Sangatta News – Pemerintah Kabupaten Kutai Timur (Pemkab Kutim) resmi memulai percepatan realisasi program tahun anggaran 2026 melalui Rapat Pengendalian Operasional Kegiatan (Radalok) I di Ruang Meranti, Kantor Bupati, Rabu (7/1/2026). Pertemuan ini ditujukan untuk memantau sekaligus memastikan seluruh program kerja Perangkat Daerah (PD) berjalan sesuai target sejak awal tahun.

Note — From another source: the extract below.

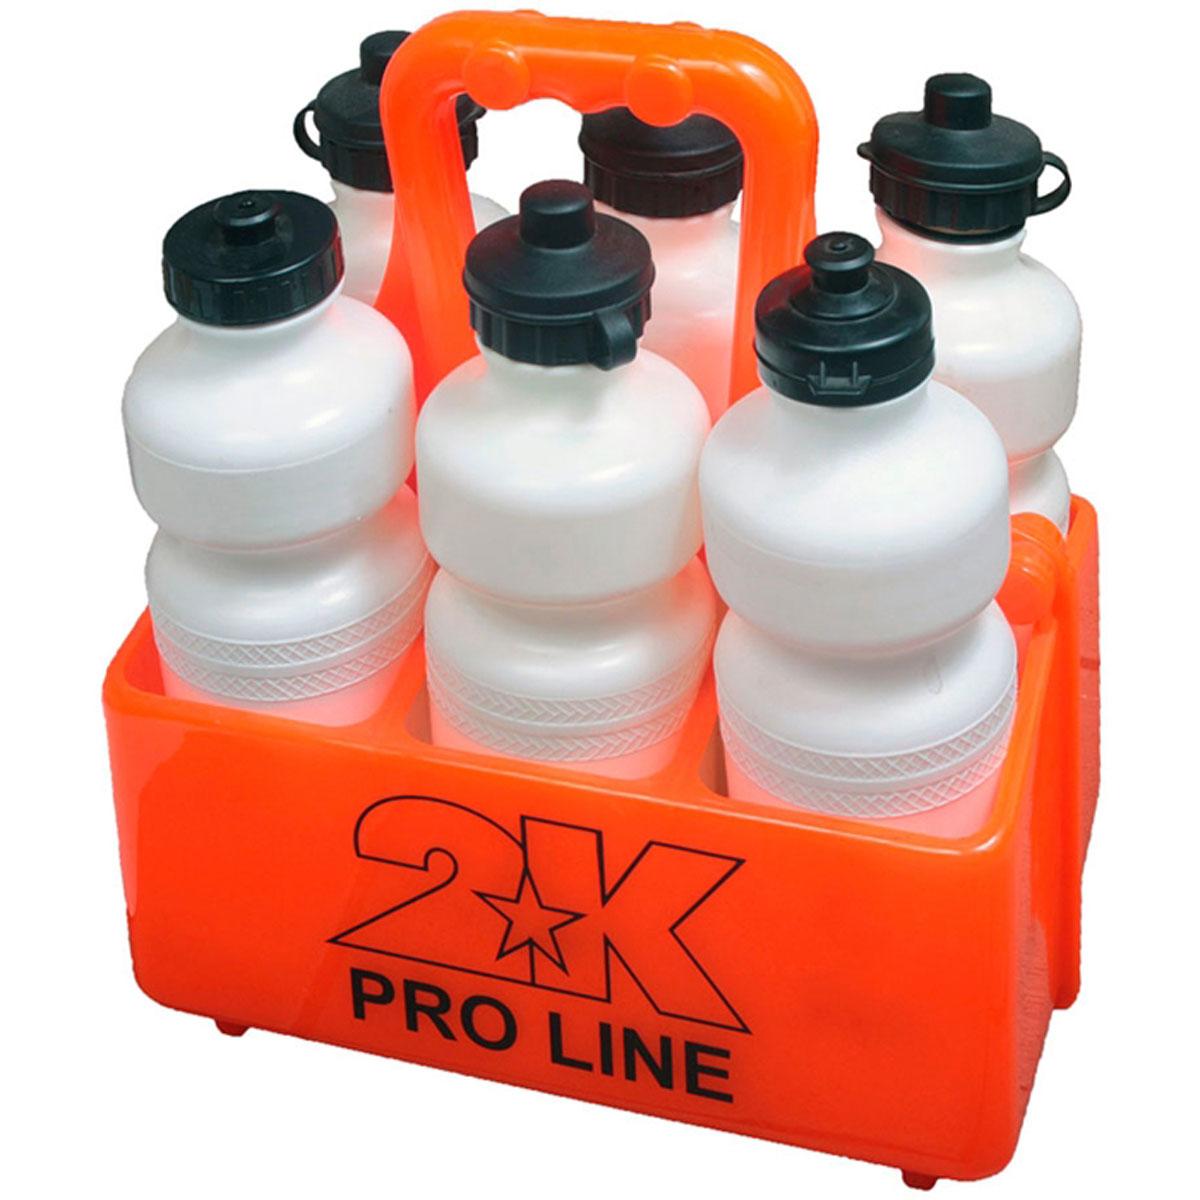 Лоток для бутылок 2K Sport, цвет: оранжевый126309Спортивный лоток 2K Sport применяется для переноса бутылок. Имеет 6 ячеек. Выполнено изделие из прочного пластика. Лоток оснащен ручкой для переноски. Бутылки в комплект не входят.
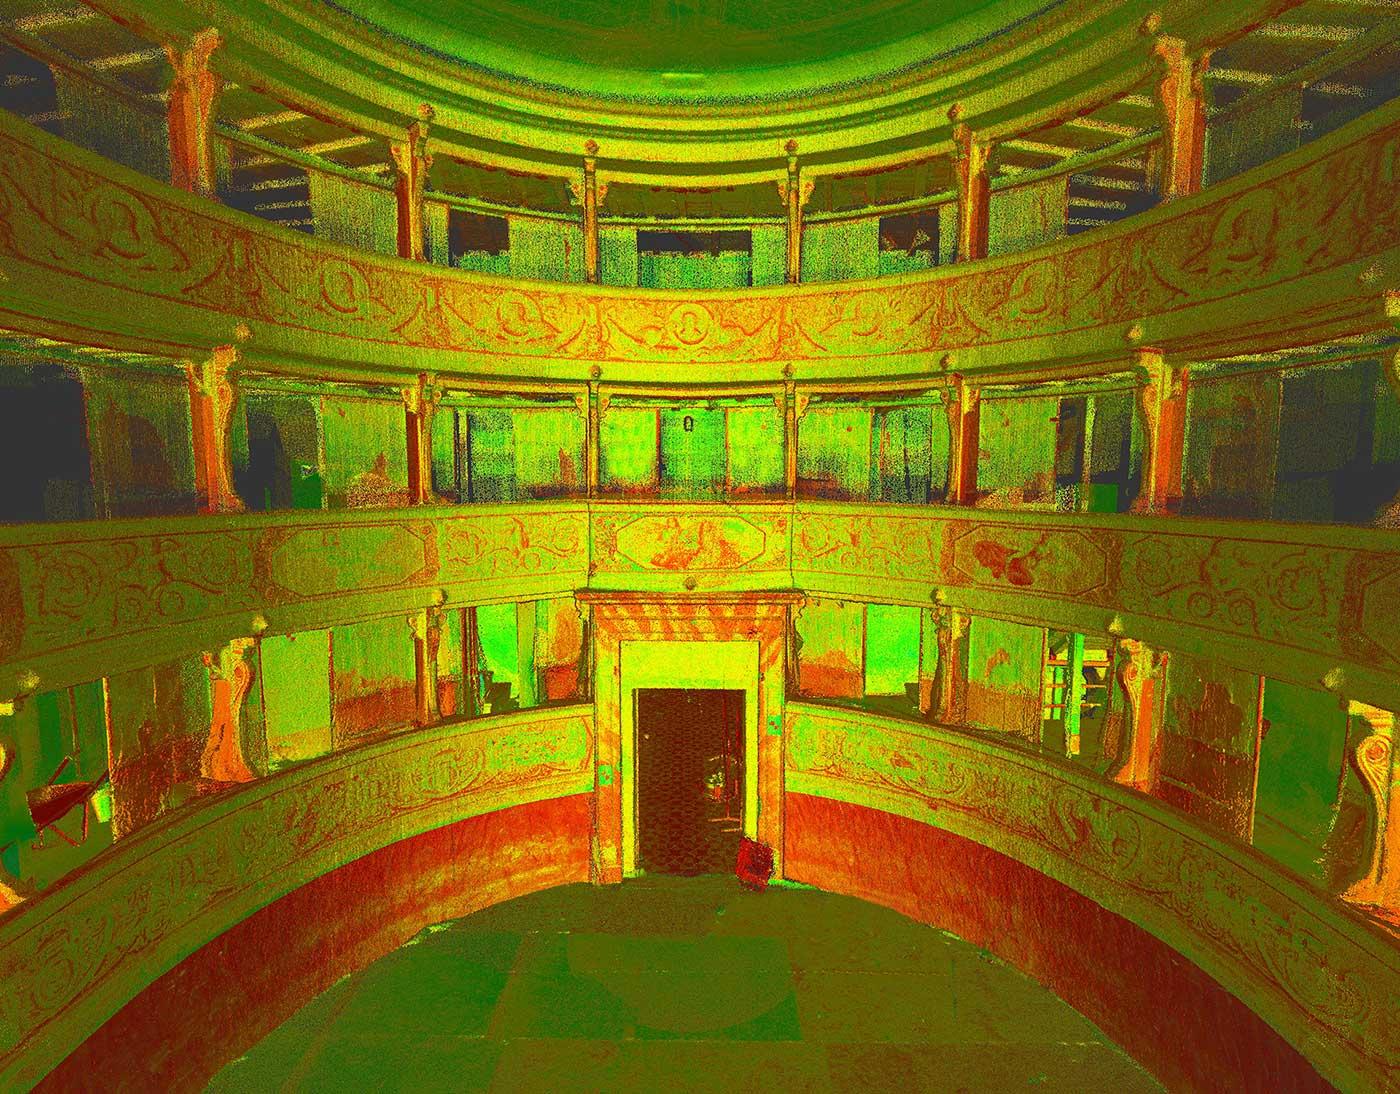 Rilievo laser scanner 3D - Teatro comunale G. Rinaldi a Reggiolo (RE)

Asisten Ekonomi dan Pembangunan Setkab Kutim, Noviari Noor, dalam arahannya menekankan bahwa Radalok merupakan instrumen penting untuk mengawal kualitas capaian kerja. “Radalok ini bukan untuk mencari kelemahan atau kekurangan. Namun kegiatan ini bertujuan untuk memastikan bahwa capaian realisasi bisa dilaksanakan secara baik, baik fisik maupun keuangan,” tegas Noviari saat membuka acara.
Noviari meminta seluruh kepala PD untuk segera merapikan administrasi pendukung agar tidak ada kendala teknis dalam eksekusi program. Ia pun menggarisbawahi pentingnya efisiensi anggaran guna menghindari masalah finansial yang pernah terjadi di masa lalu.
“Upayakan semua program berjalan tepat waktu, tepat mutu, dan tepat anggaran. Dan pastikan di tahun 2026 ini paket pekerjaan yang tidak terbayarkan atau terutang bisa diantisipasi agar tidak kembali terjadi seperti di tahun sebelumnya,” imbuhnya.
Senada dengan hal itu, Kepala Bagian Administrasi Pembangunan Setkab Kutim, Insan Bowo Asmoro, menjelaskan bahwa rapat ini juga menjadi wadah evaluasi menyeluruh terhadap APBD 2025 sebagai pijakan percepatan tahun 2026.
“Kegiatan ini menjadi bagian penting untuk melakukan evaluasi dan merumuskan solusi terkait permasalahan-permasalahan yang terjadi di lapangan agar program dan kegiatan yang sudah ditetapkan bisa segera direalisasikan,” tambah Bowo.